- Data extract -

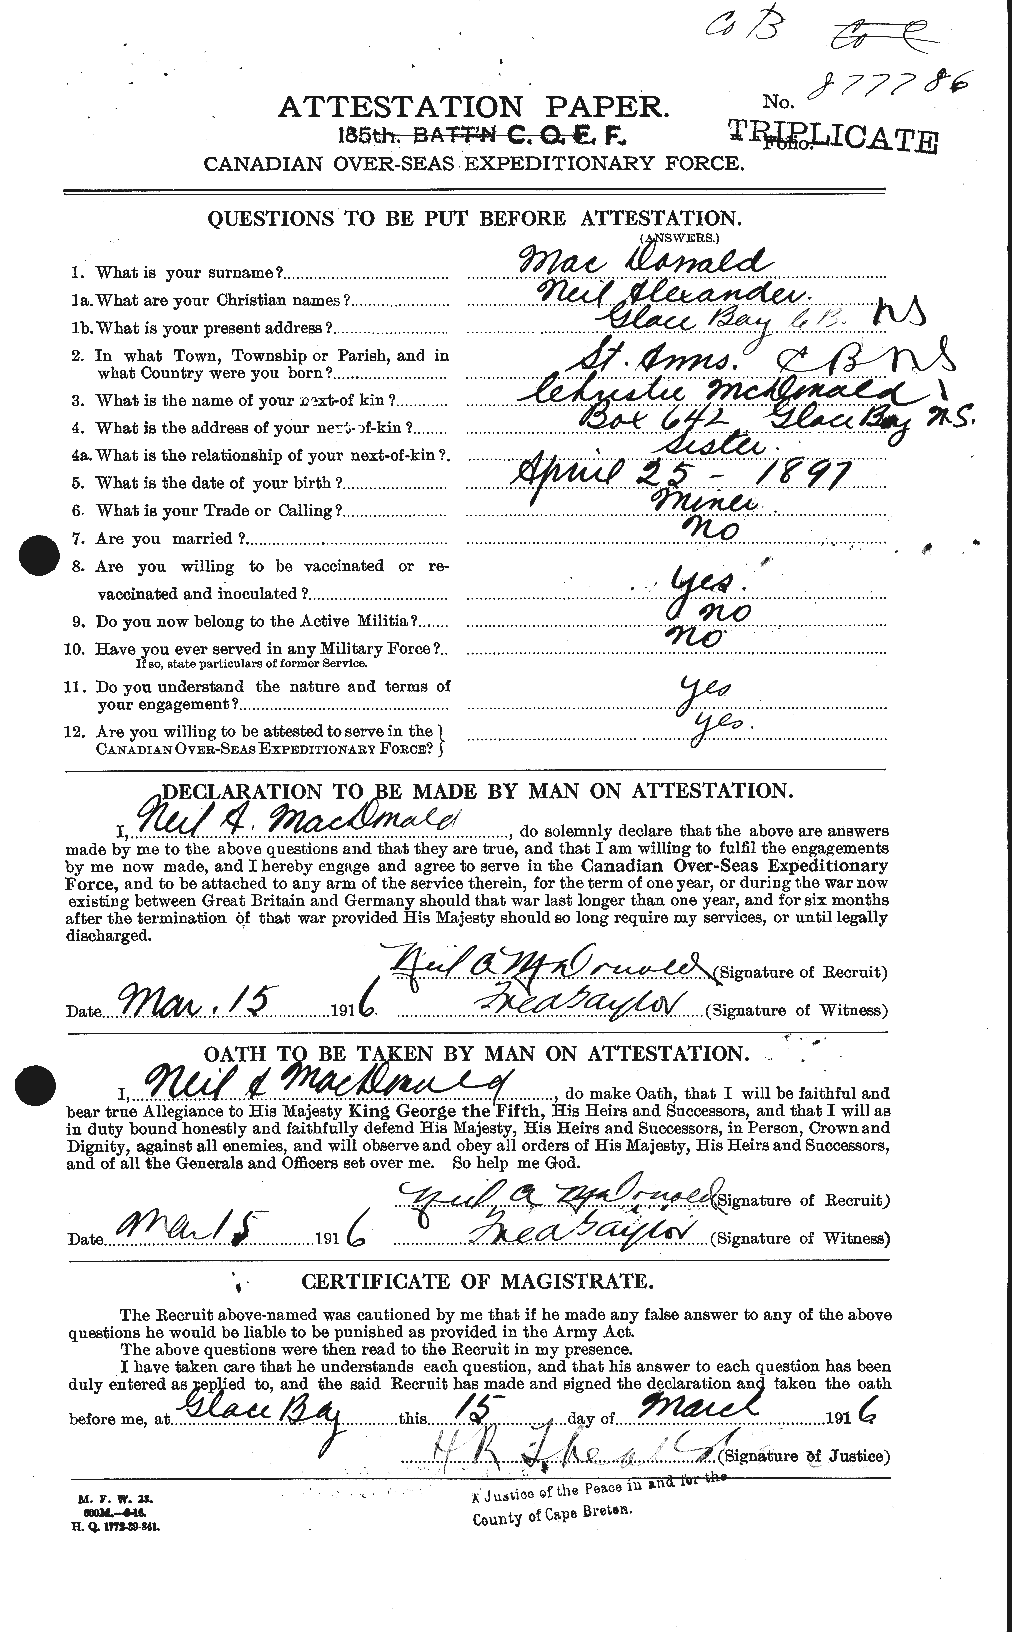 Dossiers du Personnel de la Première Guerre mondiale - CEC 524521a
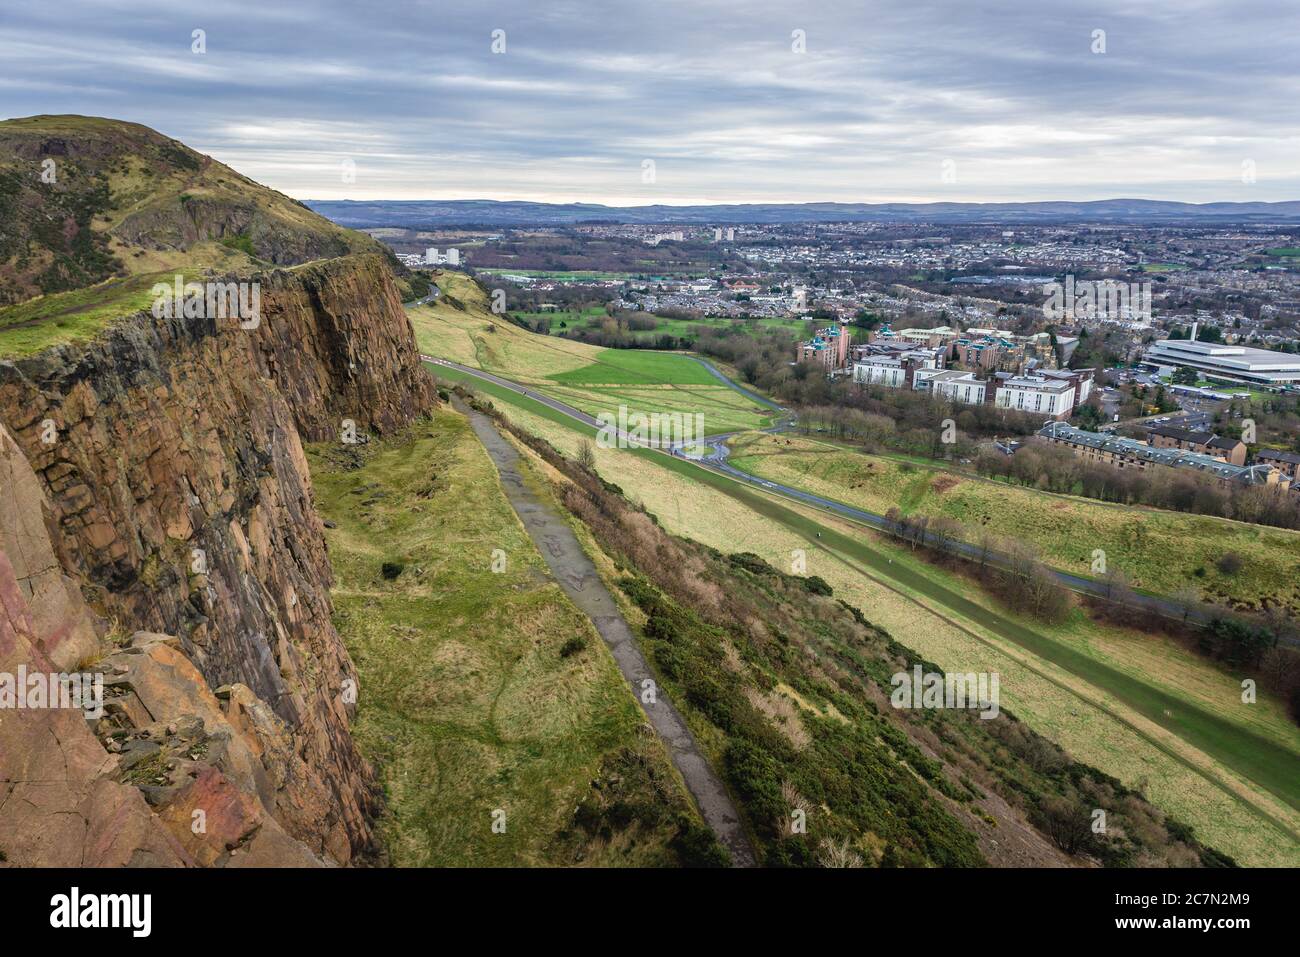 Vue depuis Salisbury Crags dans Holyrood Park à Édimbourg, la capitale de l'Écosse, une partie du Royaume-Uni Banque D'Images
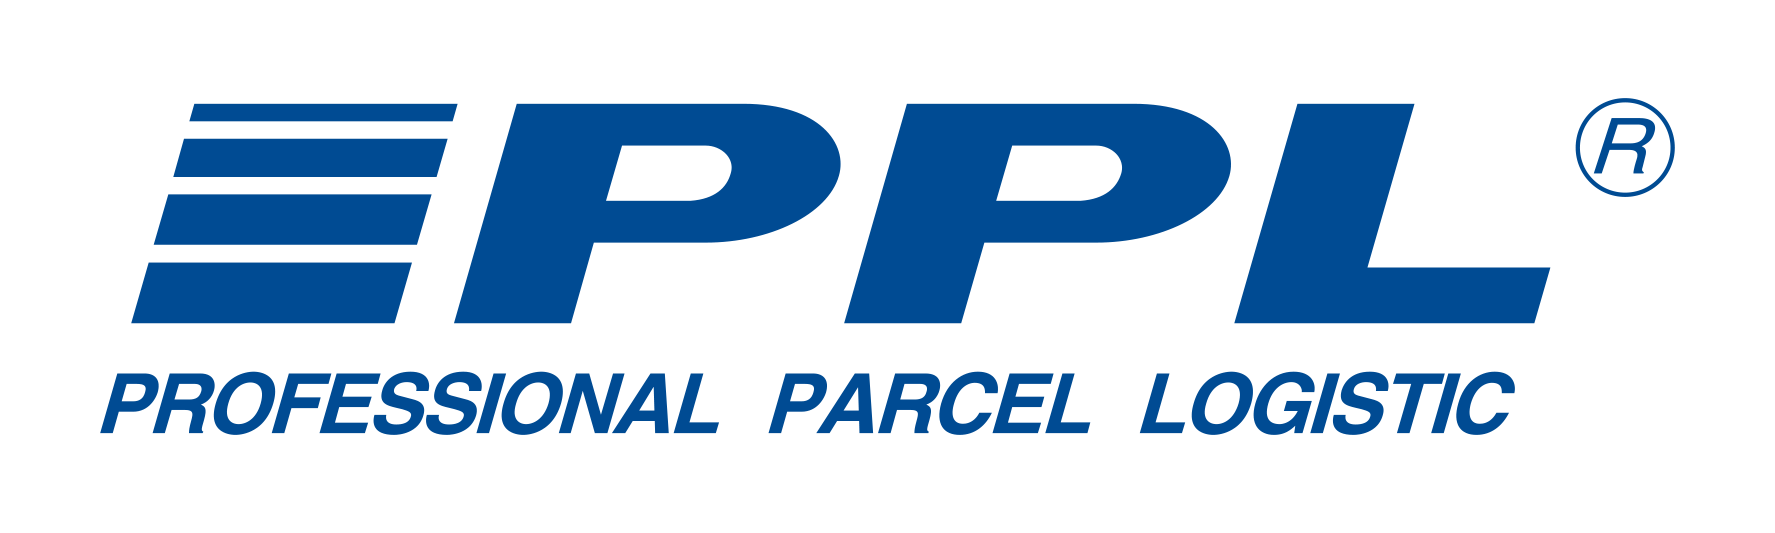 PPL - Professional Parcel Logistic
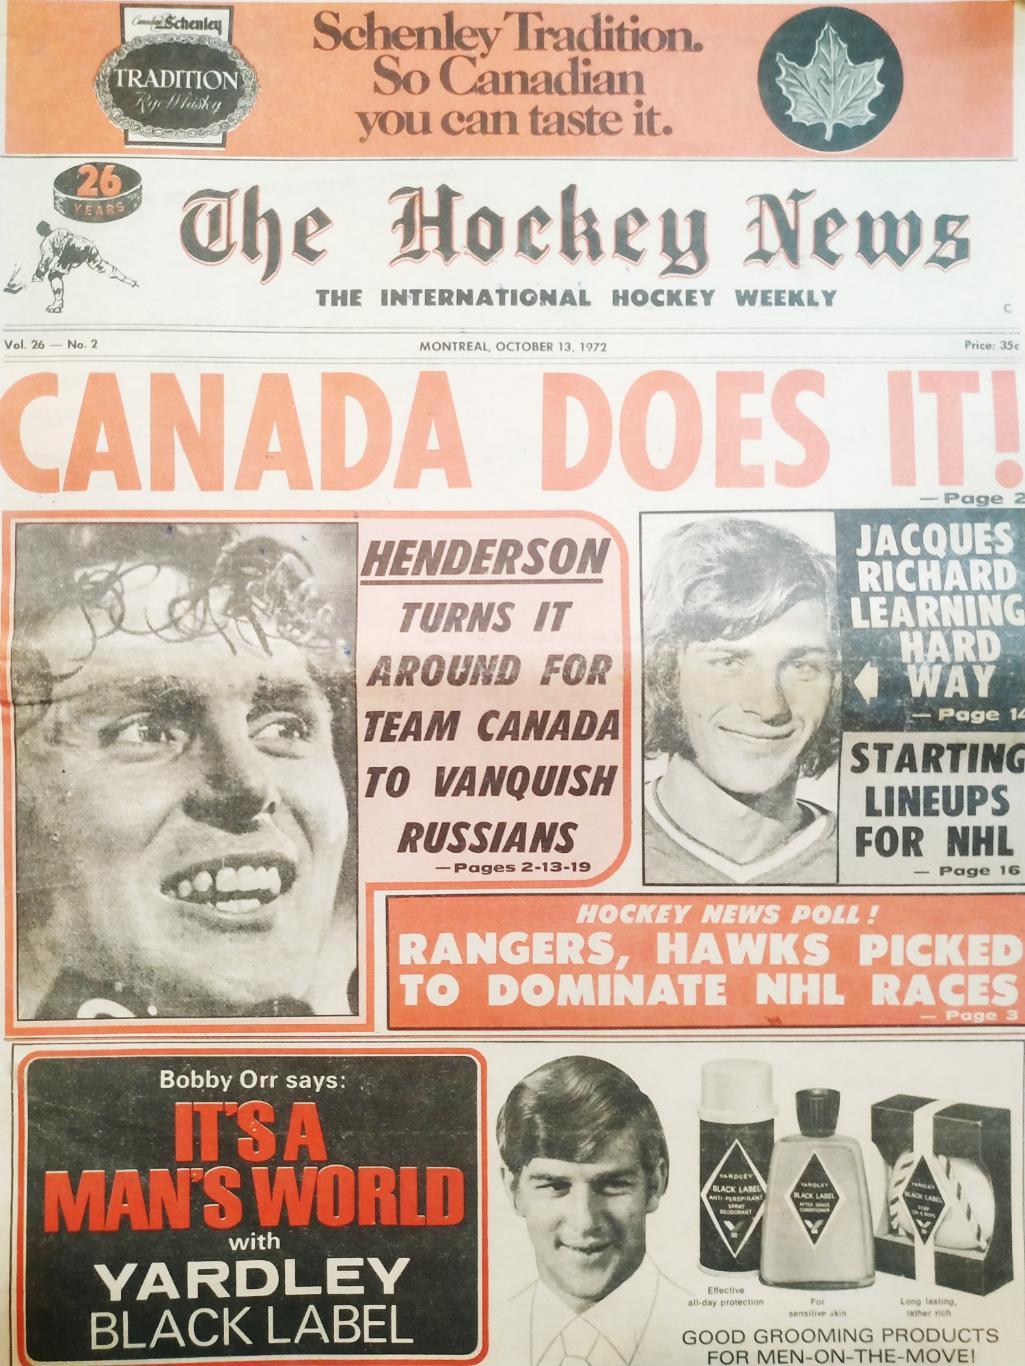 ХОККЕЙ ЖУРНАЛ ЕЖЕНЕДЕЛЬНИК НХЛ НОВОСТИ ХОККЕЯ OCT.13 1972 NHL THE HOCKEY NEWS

- What you need to do -
Please return the full listing exactly as given, with the images left out.

- Answer section -
 Dossiers du Personnel de la Première Guerre mondiale - CEC 524521a
 Vue depuis Salisbury Crags dans Holyrood Park à Édimbourg, la capitale de l'Écosse, une partie du Royaume-Uni Banque D'Images
 PPL - Professional Parcel Logistic
 ХОККЕЙ ЖУРНАЛ ЕЖЕНЕДЕЛЬНИК НХЛ НОВОСТИ ХОККЕЯ OCT.13 1972 NHL THE HOCKEY NEWS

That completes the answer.